Saturday, August 29, 2015

Limbo

It has felt like living in limbo the entire time we have lived in the apartment.  We did manage to make it a home, but it has always been with the knowledge that we were not here permanently.  So it is always limbo.
Mom is deteriorating and really needs more care.  So we have decided that at the end of my lease, if not before, we will be moving in with her.  And in the mean time  my brother is going to be spending some nights there each week.
It's a little bit daunting.  I know she has no patience and the littles take a lot of energy and patience.  I know they push her buttons and she pushes theirs.  It is like having three pre-schoolers.  The upside is they will all adjust and I'm still going to work which means the littles are still in day care.  Audrie will be in school.  It's not like it is going to be 24/7 noise.

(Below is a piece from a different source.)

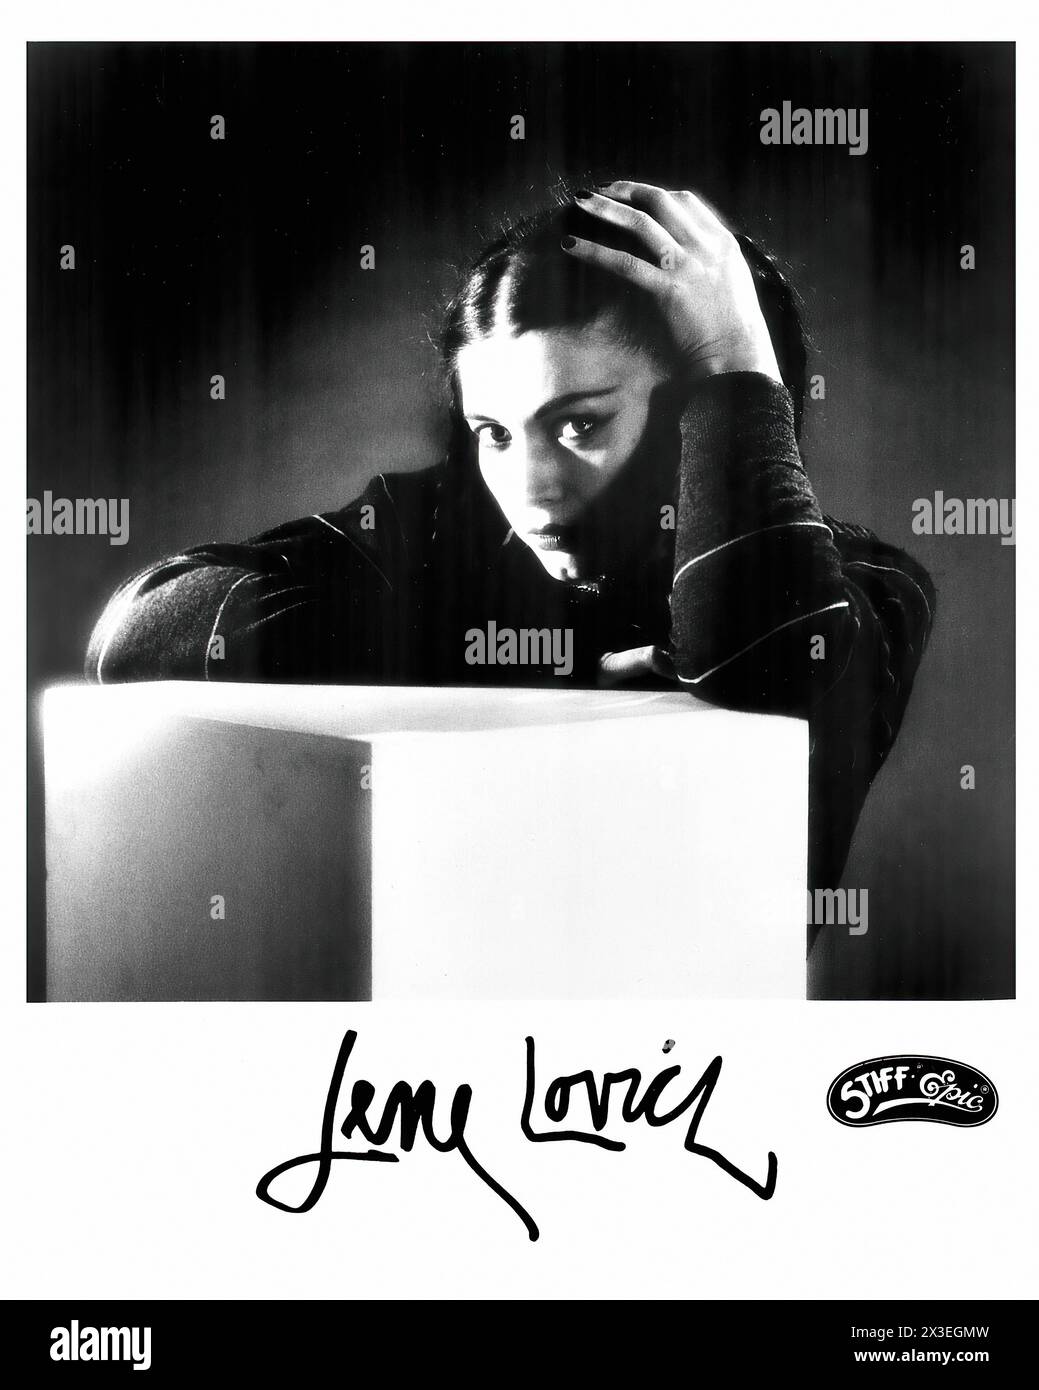 Lene Lovich 001 - immagine promozionale etichetta musicale d'epoca - fotografo sconosciuto, solo per uso editoriale Foto Stock
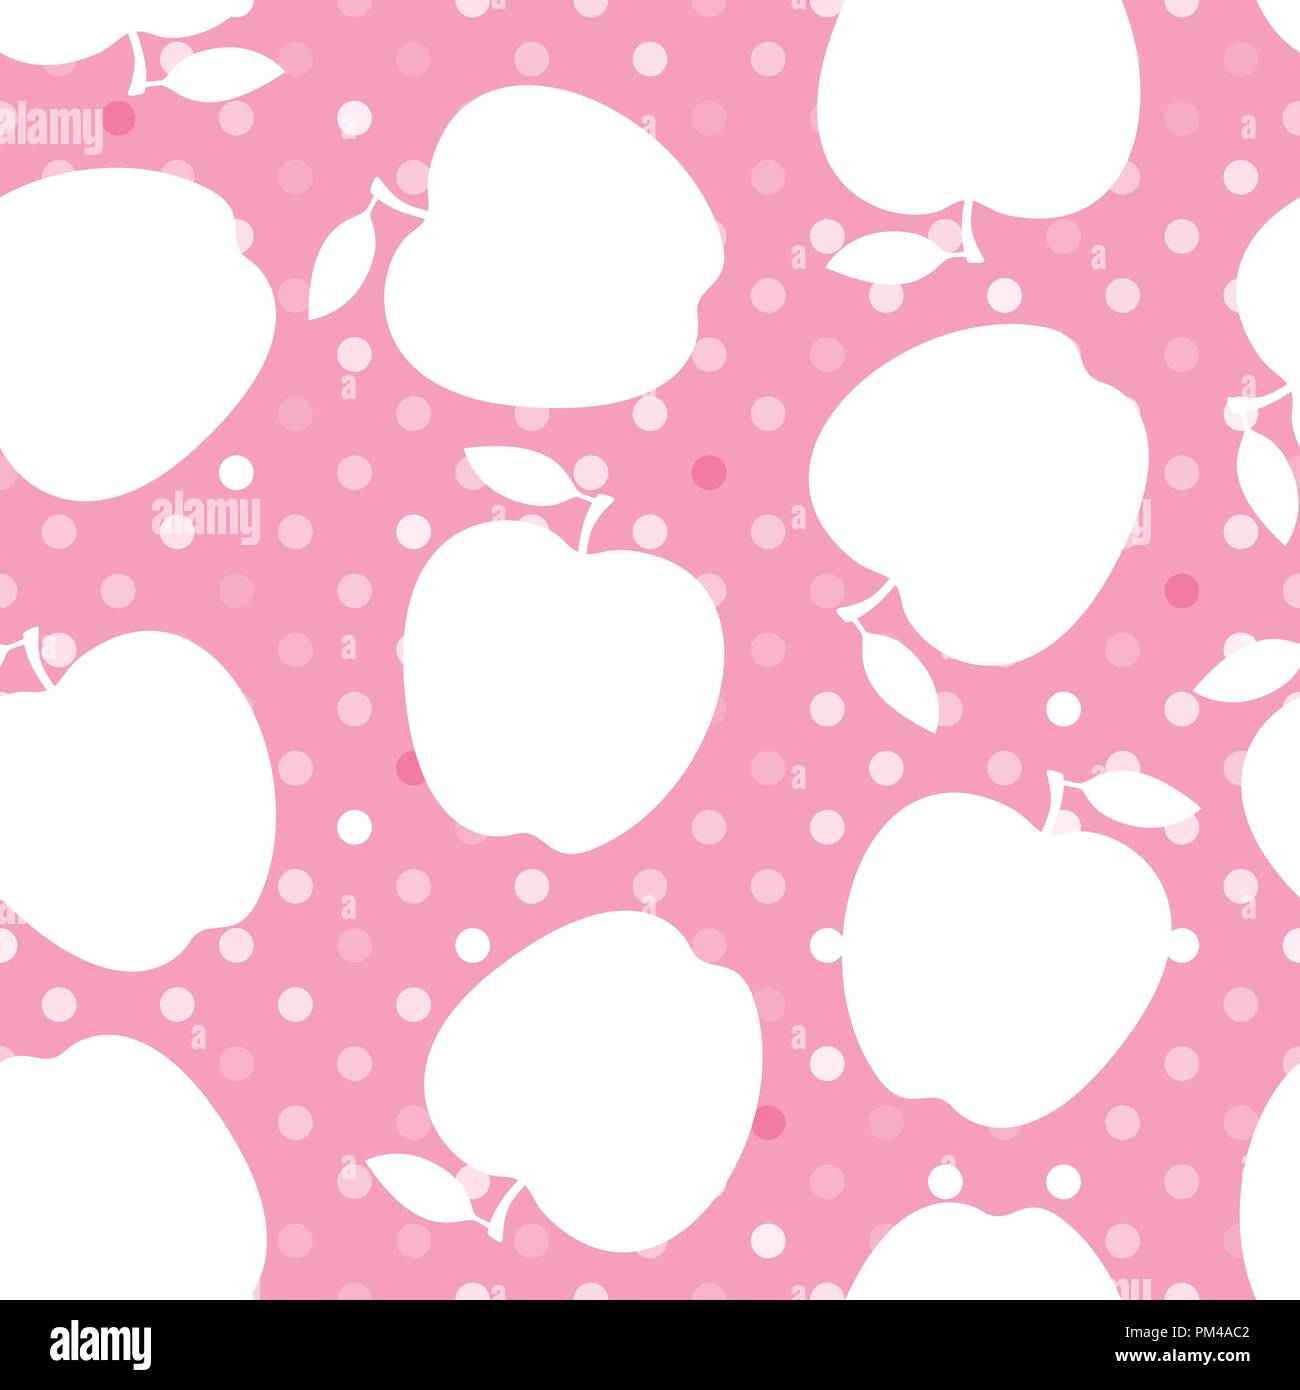 Apple silhouette bianca su una rosa polka dot. Modello senza giunture. Illustrazione Vettoriale. Illustrazione Vettoriale

Mom and I talked about it.  I pointed out that she had choices last year and decided to stay in her house.  This year she still has a choice, but it is more limited.  Live with us or move to an assisted living.  Staying in her own house is easier for her.  And she gets to stay with her dog.
It is a relief to finally have a decision made.  It is a relief to know that limbo is ending.  And we need to get out of the apartments.  My neighbor upstairs is becoming much more brazen in his drug dealing.  And more people are talking about it now because he is so brazen.  Also I won't have to deal with that $100 jump in rent that is coming at the end of this lease.  Ouch.